The worker’s workload included a range of tasks from general labour to more specialised roles. This included loading and unloading trucks, cooking meals, cleaning, stage building, setting up power, and specialised audio and visual equipment setup.
The work was typically associated with "bumping in" and "bumping out" the infrastructure needed for concerts and festivals.
The worker was engaged multiple times throughout 2022 and 2023. According to the employer's records, the worker was engaged five times in 2022, 21 times in 2023, and four times in 2024.
However, these "engagements" often consisted of multiple days of work. In 2023, the worker worked a total of 105 days for the employer.
As 2023 progressed, the frequency of the worker's engagements with the employer increased significantly. The worker argued this shift represented a fundamental change in their relationship, effectively transforming him into an employee.
He claimed he was "offered an ongoing touring position" and was required to be available for "a season". However, the employer disputed this characterisation, maintaining that only the frequency of engagements had changed, not the underlying contractual arrangement.
The employer's director testified that workers were not expected to be available seven days a week, and that work was offered on a job-by-job basis rather than for entire "seasons".
The FWC examined several factors in determining the true nature of the relationship:
1. Control over work: The worker's own evidence suggested he had significant autonomy in how he performed his tasks, though there was some direction from production managers or senior technicians.
2. Ability to work for others: There was no exclusivity clause preventing the worker from taking on other jobs. In fact, the worker maintained other employment throughout his engagement with the employer, including casual work at a convention centre.
3. Tools and equipment: While some were provided by the employer, the worker also used his own tools including a specialised wrench, a shifter, hi-vis vest, and raincoat. He also used his own vehicle and supplied his own phone.
4. Integration into the business: Beyond occasionally wearing a branded polo shirt, there was limited evidence of the worker being presented as part of the employer's organisation.
5. Taxation and remuneration: The worker invoiced for his services, and no PAYG tax was deducted. The worker was responsible for his own taxation arrangements.
The FWC ultimately sided with the employer, concluding that the relationship was one of principal and independent contractor, not employer and employee. The Commissioner emphasised:
"Taking all the factors into account, the correct characterisation of the relationship between the parties is one of principal and independent contractor, not employer and employee. The email from the [worker] seeking he be engaged as such at the outset, and the subsequent conduct of the [employer] in treating the [worker] as a contractor via the taxation and remuneration arrangements are a significant basis for displacing the indicia of an employment contract."
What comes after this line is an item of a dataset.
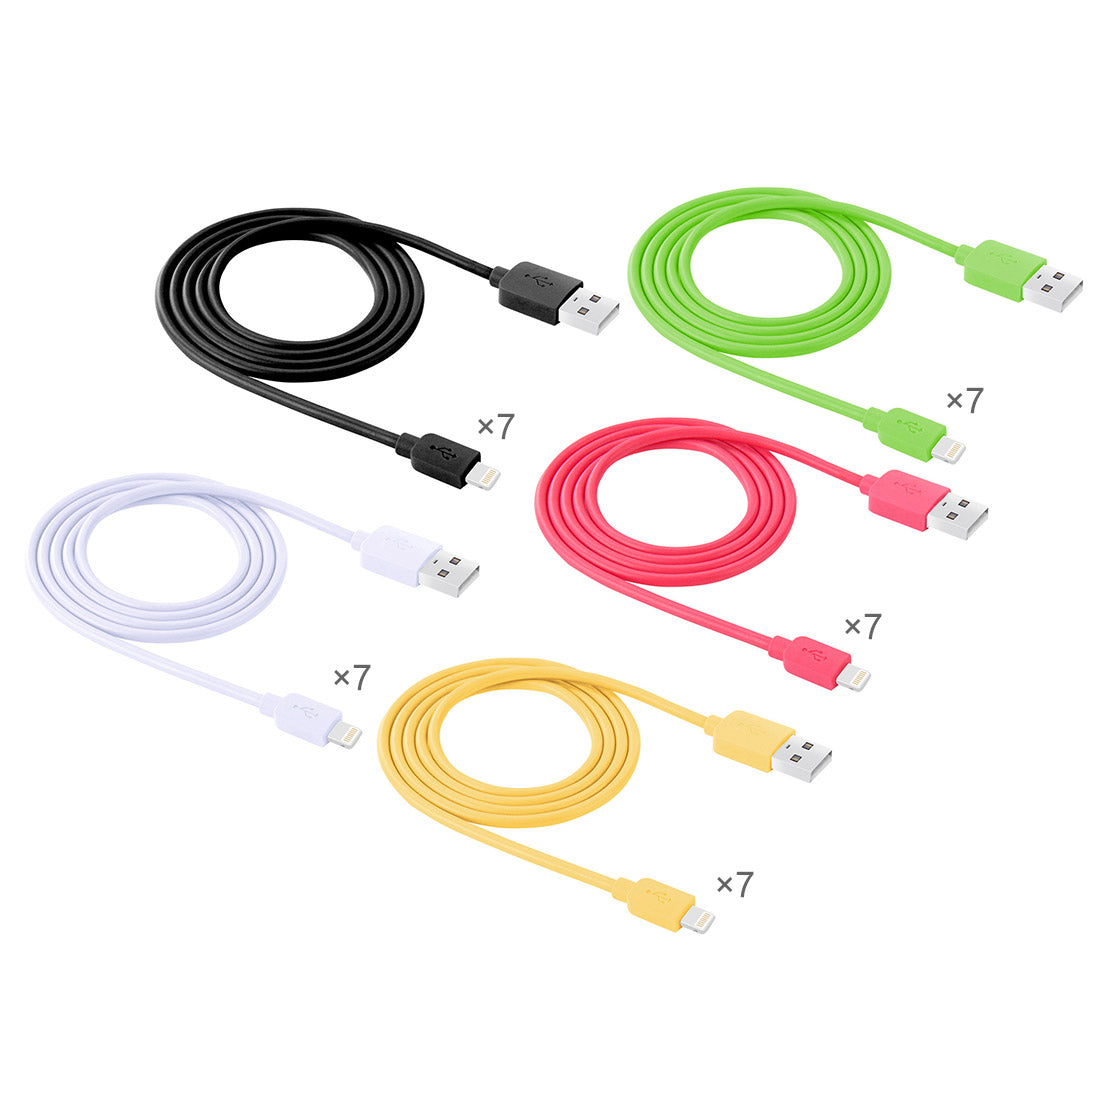 35 PCS Mixed Colors HAWEEL 1m High Speed 35 Cores 8 pin to USB Sync Charging Cable Kit with Candy Cans Package, For iPhone XR / iPhone XS MAX / iPhone X & XS / iPhone 8 & 8 Plus / iPhone 7 & 7 Plus / iPhone 6 & 6s & 6 Plus & 6s Plus / iPad

This reasoning highlights the importance of initial agreements and consistent conduct in determining working relationships.
The Commissioner also noted:
"There is overall no significant evidence to suggest that the [worker] was working in the [employer's] business as opposed to his own business. The lack of any contractual right, and the limited evidence of any actual control of the work of the [worker] are not consistent with a characterisation of the relationship as one of employment."
Finally, the Commissioner said:
"As an aside, even if the [worker] was an employee, there is no evidence that he was dismissed by the [employer]. That is if he was in fact a casual employee, and it could not be seriously put that he was anything else, then all that happened was he was not offered work on two assignments."
This highlights the high bar for casual employees to prove dismissal, even if they had been found to be employees in this case. The decision serves as a reminder of the complexities in modern working arrangements and the need for clear communication and consistent practices when engaging contractors or employees.
It also underscores the importance of considering the totality of the relationship, rather than focusing on individual factors in isolation.